> DATA SEGMENT:
* * *

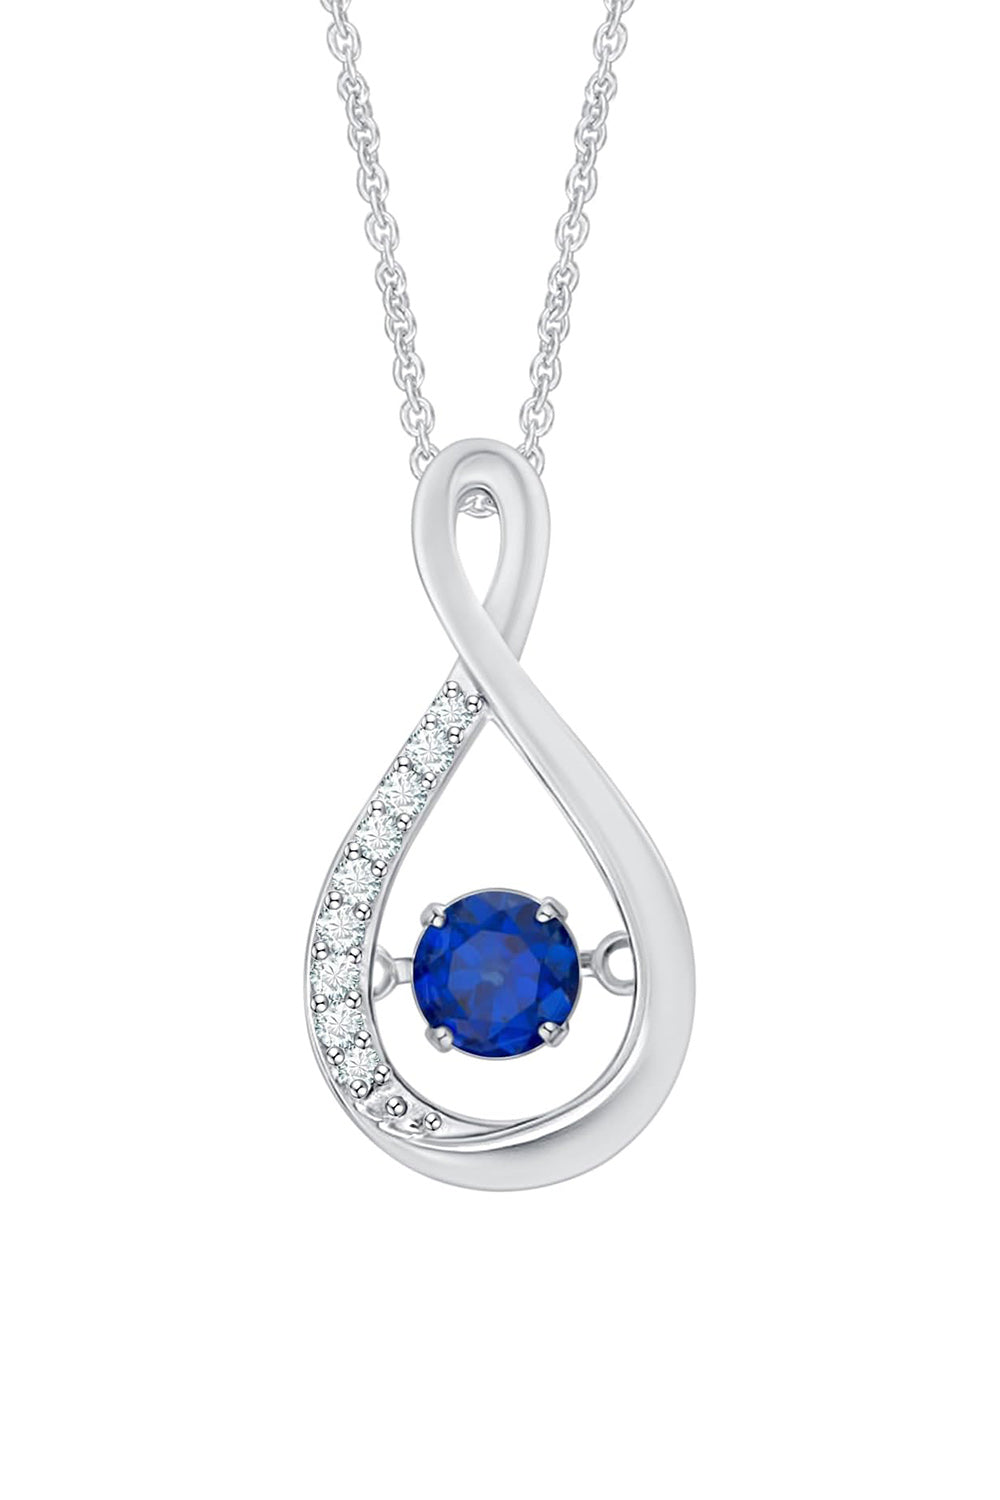 White Gold Color with Blue Sapphire Infinity Swirl Pendant Necklace
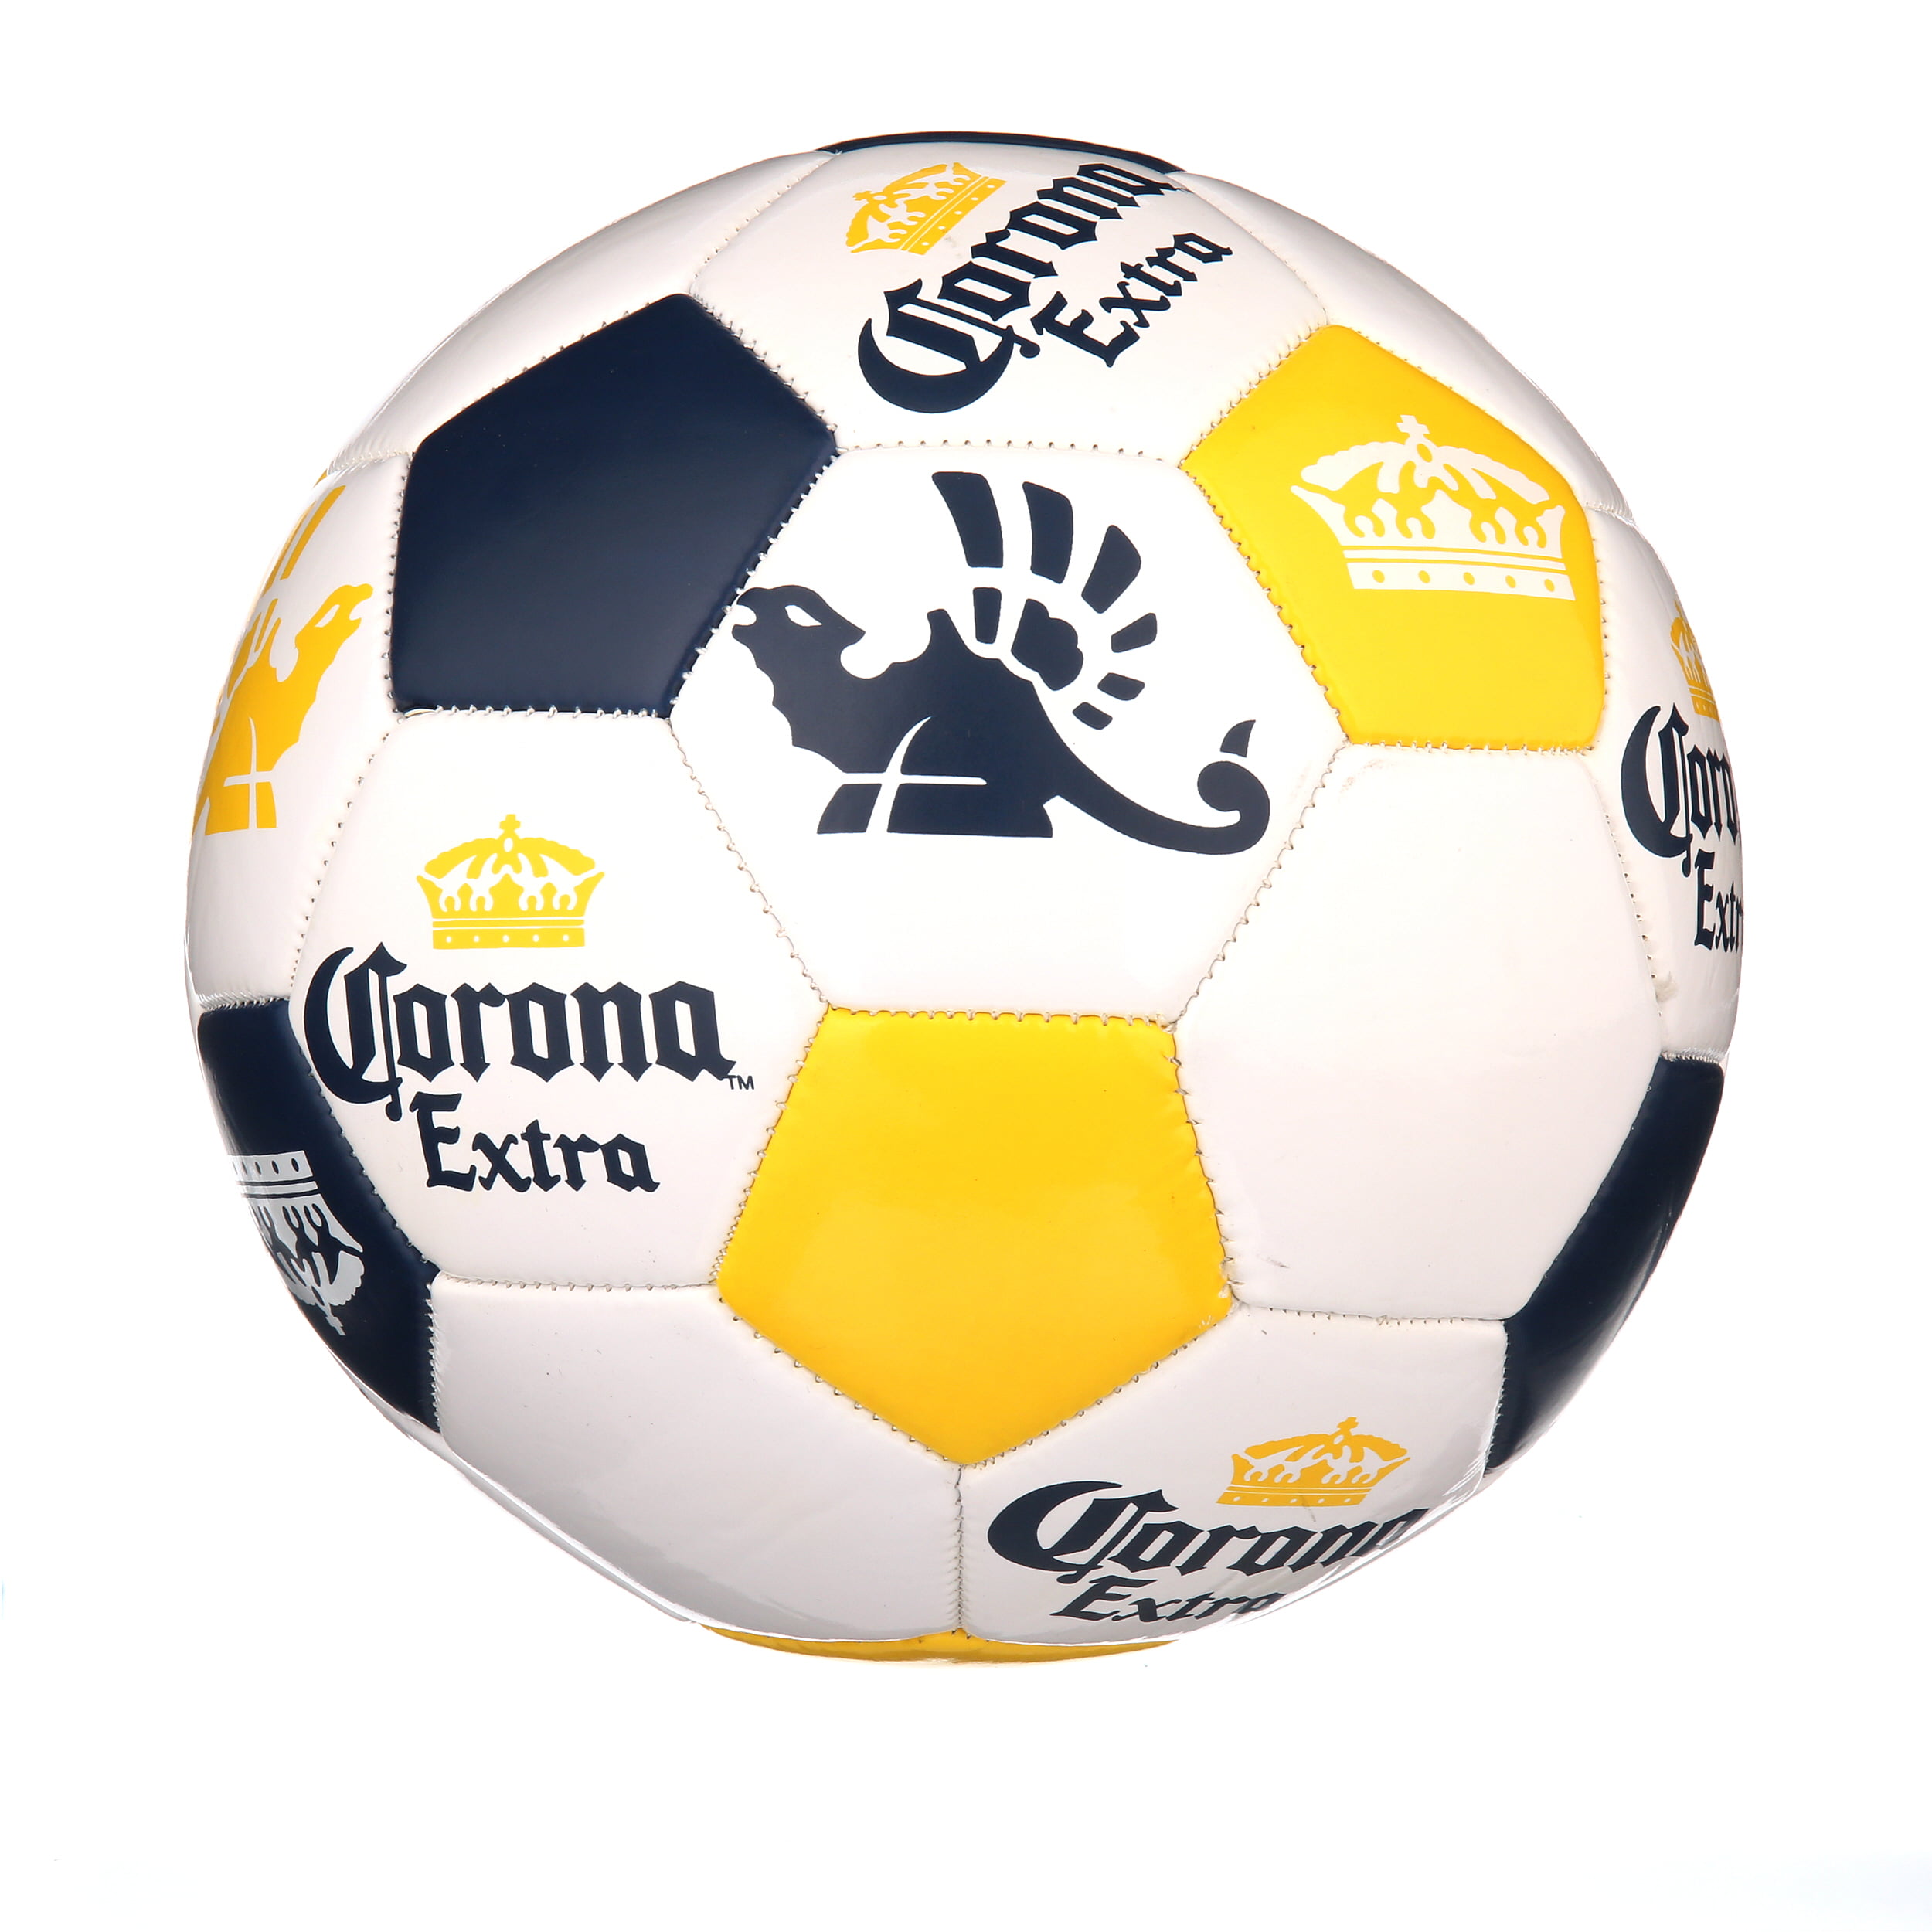 Corona Extra Futbol Soccer Ball Beach Party Official Taille Sous Licence-New & F/S 
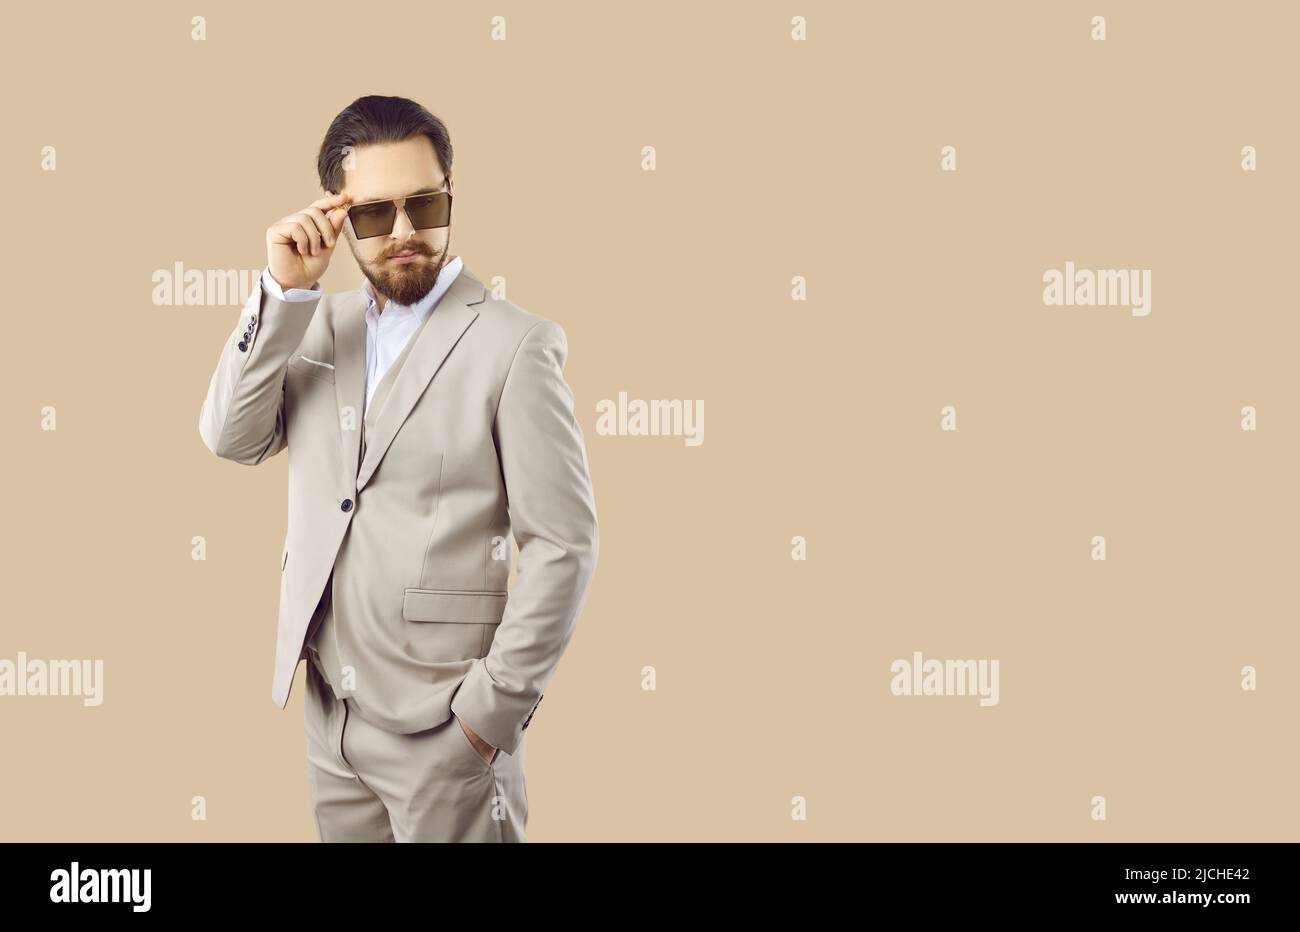 Business man in elegant suit and sunglasses posing on blank beige copy space background Stock Photo
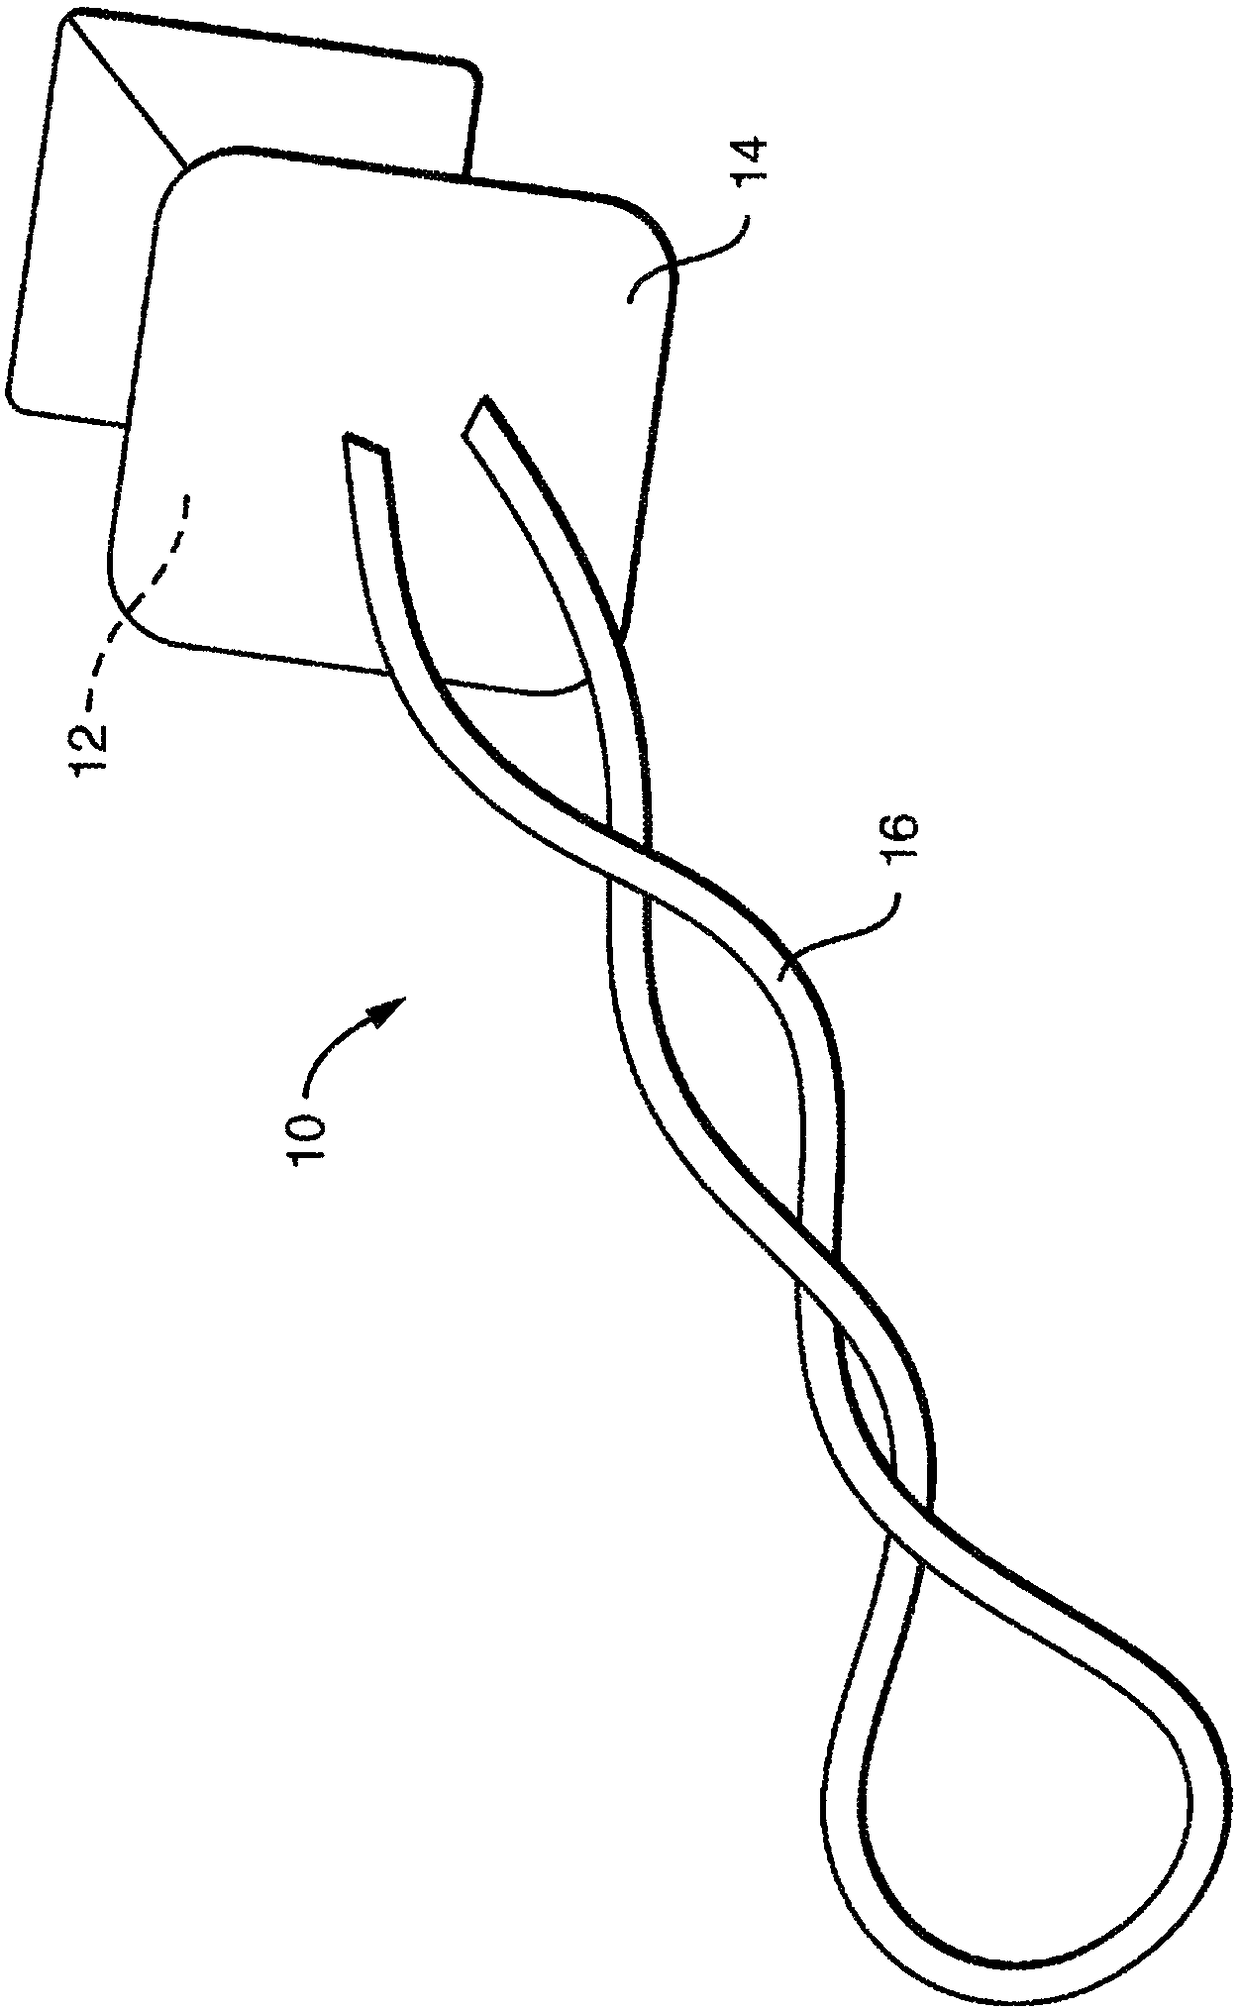 Method of manufacture of vaginal insert

* * *

> WHAT IS BEING ASKED:
Line by line and exactly, write out the material above. Skip the pictures.

> REPLY:
 White Gold Color with Blue Sapphire Infinity Swirl Pendant Necklace
 Corona Extra Futbol Soccer Ball Beach Party Official Taille Sous Licence-New & F/S 
 Business man in elegant suit and sunglasses posing on blank beige copy space background Stock Photo
 Method of manufacture of vaginal insert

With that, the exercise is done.